Thursday, October 31, 2013

Acceptance


The only person I can change, and should change, is myself.

I am coming to a place of acceptance in that. I have been preaching that mantra as a child-rearing and teaching strategy for a long time, trying to adhere to it as an adult, and failing for some of the most important people in my life.

I need to be accepting. I don't have to love it, like it, or lump it; I can walk away; I can say no. I don't have to be part of something that  don't agree with, but I am going to make the really difficult and important effort to just accept people as they are. Dane did that. It was an important lesson that I missed.

I will fail, probably more often than not, for awhile. I have failed to do this for myself frequently, and I certainly deserve my own acceptance just as much as the other people in my life.

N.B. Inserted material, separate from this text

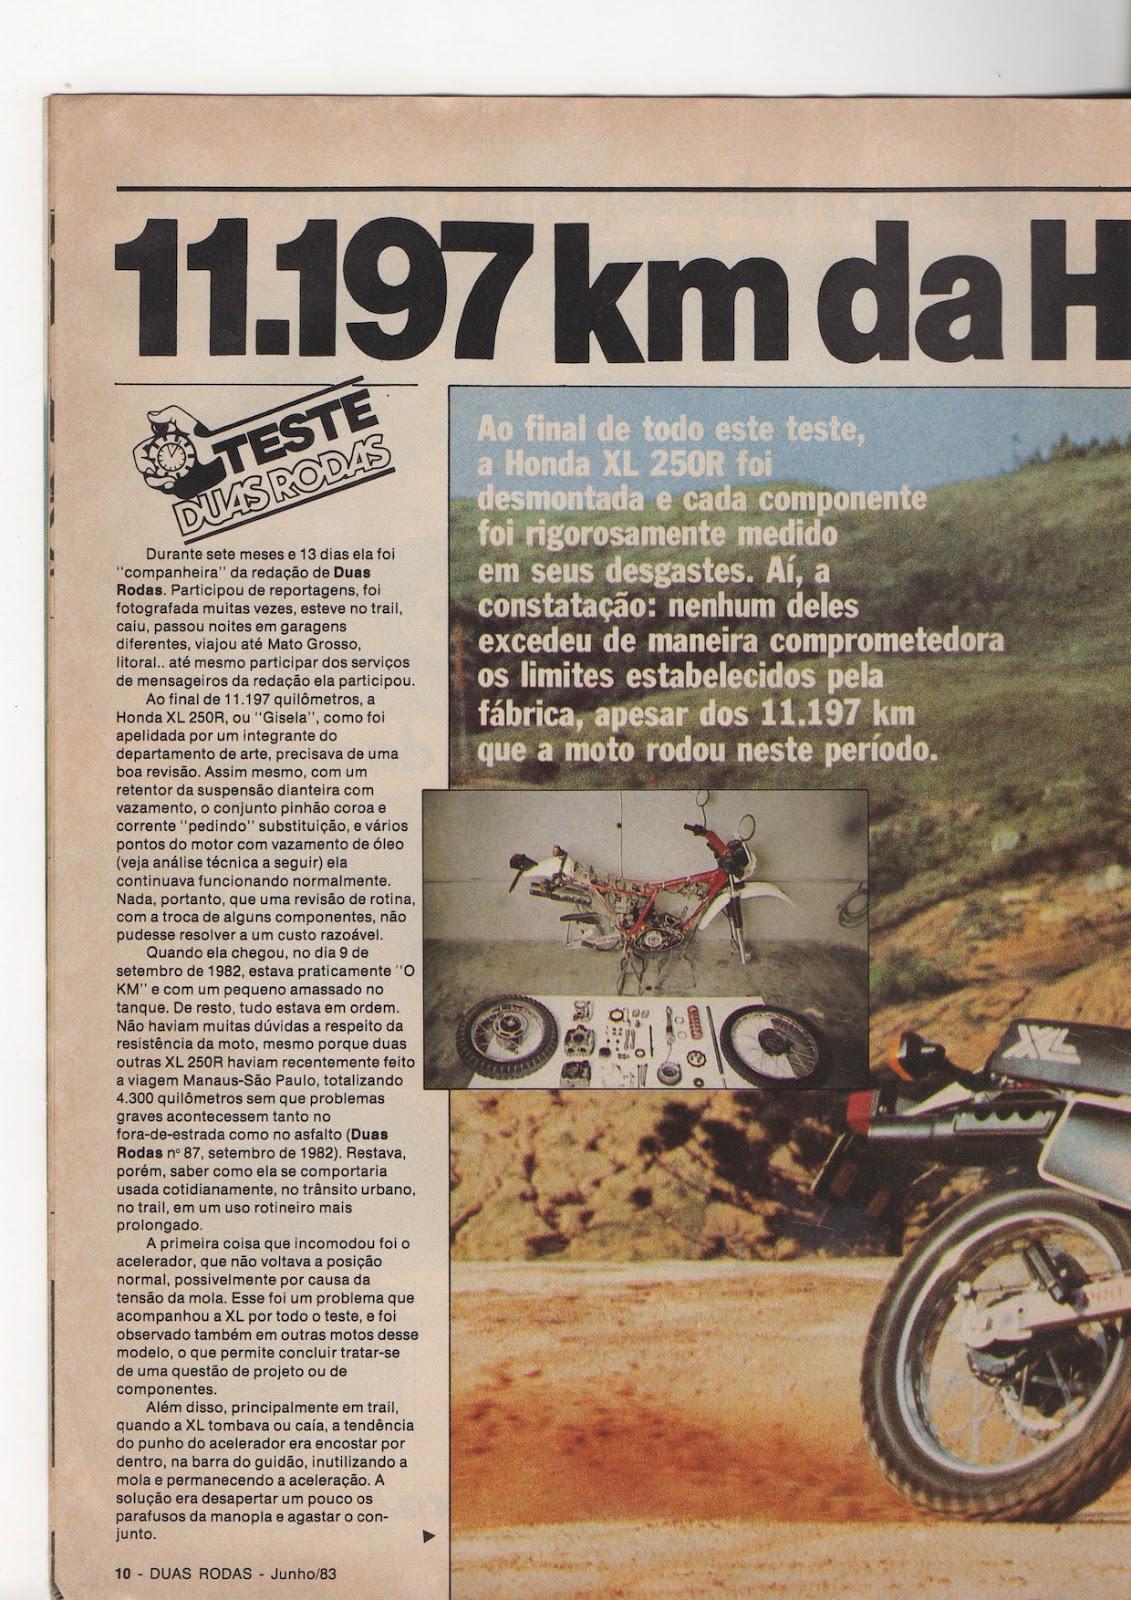 Arquivo%2BEscaneado%2B18 - ARQUIVO: 11.197km da Honda XL250R
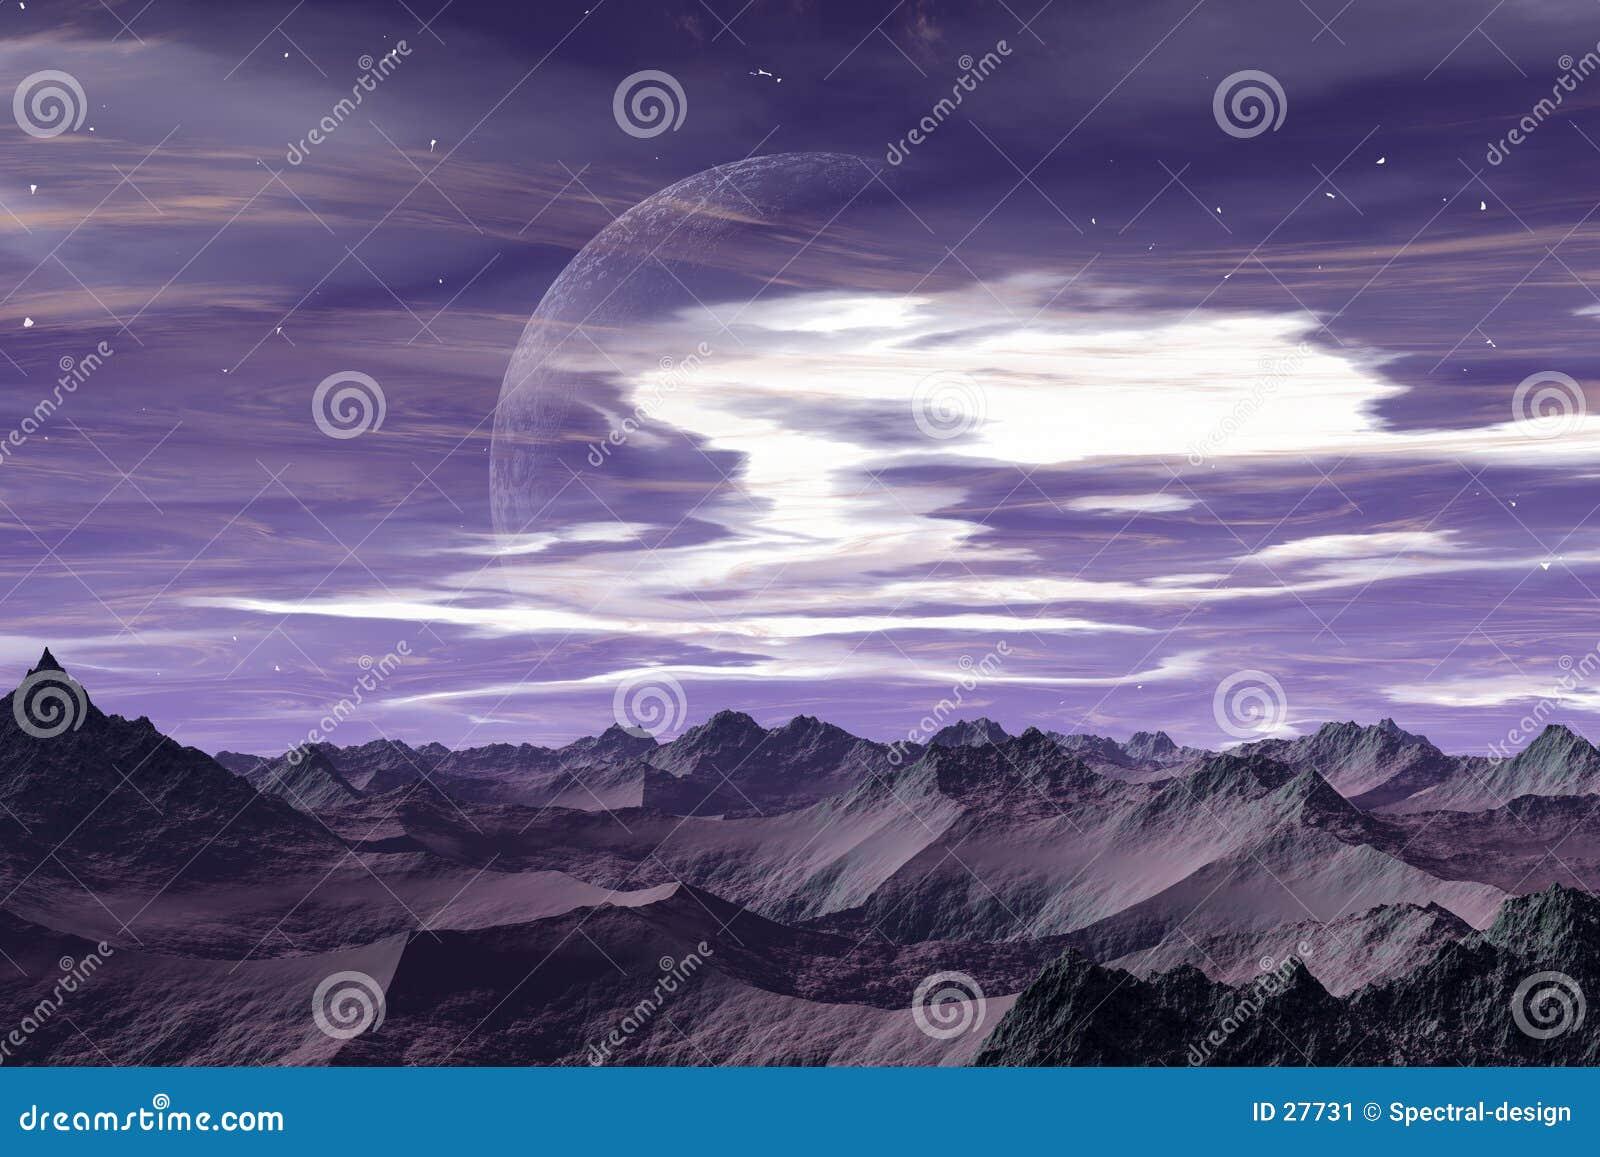 Download Ausländische Welt - Apeiros Stock Abbildung - Illustration von anblick, fiktiv: 27731

So there's that. My self-help of the day. It sounds really cheesy, I know, but (to use a vocabulary word I gave to my students this week), it really was an epiphany in the past 24 hours that changed my mind.  This blog feels kind of like a twelve-step program in that the first step is recognizing I have a problem. I am Judgey McJudgerson so loudly in my head sometimes I can't even hear myself think. I am too aware of myself to let it all out, but it's a burden I am ready to put down.

We'll see what happens.

Sunday, October 27, 2013

Another Saturday Night

I feel like a broken fucking record.

Sicily, if you are reading this you might want to stop now. There is brief gross adult content that you don't want to have in your mind below. You have been warned.

Today (Saturday. I am transcribing this on Sunday) I ran all over hell's half-acre, to softball practice (twice), to a birthday party, and finally to etiquette class, ending the evening killing time doing lonely loser shit like shopping for tulle for a Halloween costume and filling the Cube with gas. I am writing this entry longhand on Post-it notes on a new gluten-free cupcake book that was slated to be my evening's entertainment from 8-9:30 while I was waiting in the car for The Child to be finished with her thriving social life. For the last etiquette class (a month ago, also on a Saturday night from 8-9:30), I wandered through the aisles of Kroger and Target. #Awesome

And I haven't gone this long without having sex since 1995.

Yes, fixing the circular saw after I cut the cord this week was a pain in the ass. Yes, being solely responsible for every bit of softball (approximately 20 hours a week, unless you include tournaments, which ups the time commitment substantially) sucks. Yes, being the one who does all of the yard work (and all of the work, period) SUCKS. But the worst? No one to complain about it to. No partner in crime to get a drink with while we wait for the kid, or to giggle in the car as we watch awkward middle schoolers learn how to waltz, or to do other stuff in the car in a darker part of the parking lot.

Just me. Party of one.

This is none of anyone's business, I suppose, and I am not posting this for invitations. This is a record for me. I can't stand the sound of my own voice, bitching about this type of thing to friends, but it is infinitely more palatable to me on "paper." So I write today about how awful it feels to not have a male in my life. A girl won't cut the mustard for this one. I always tell Sicily that boys are dumb and smelly, and they don't start getting smart until they are about 26, but MAN. I miss having a dumb, smelly boy around.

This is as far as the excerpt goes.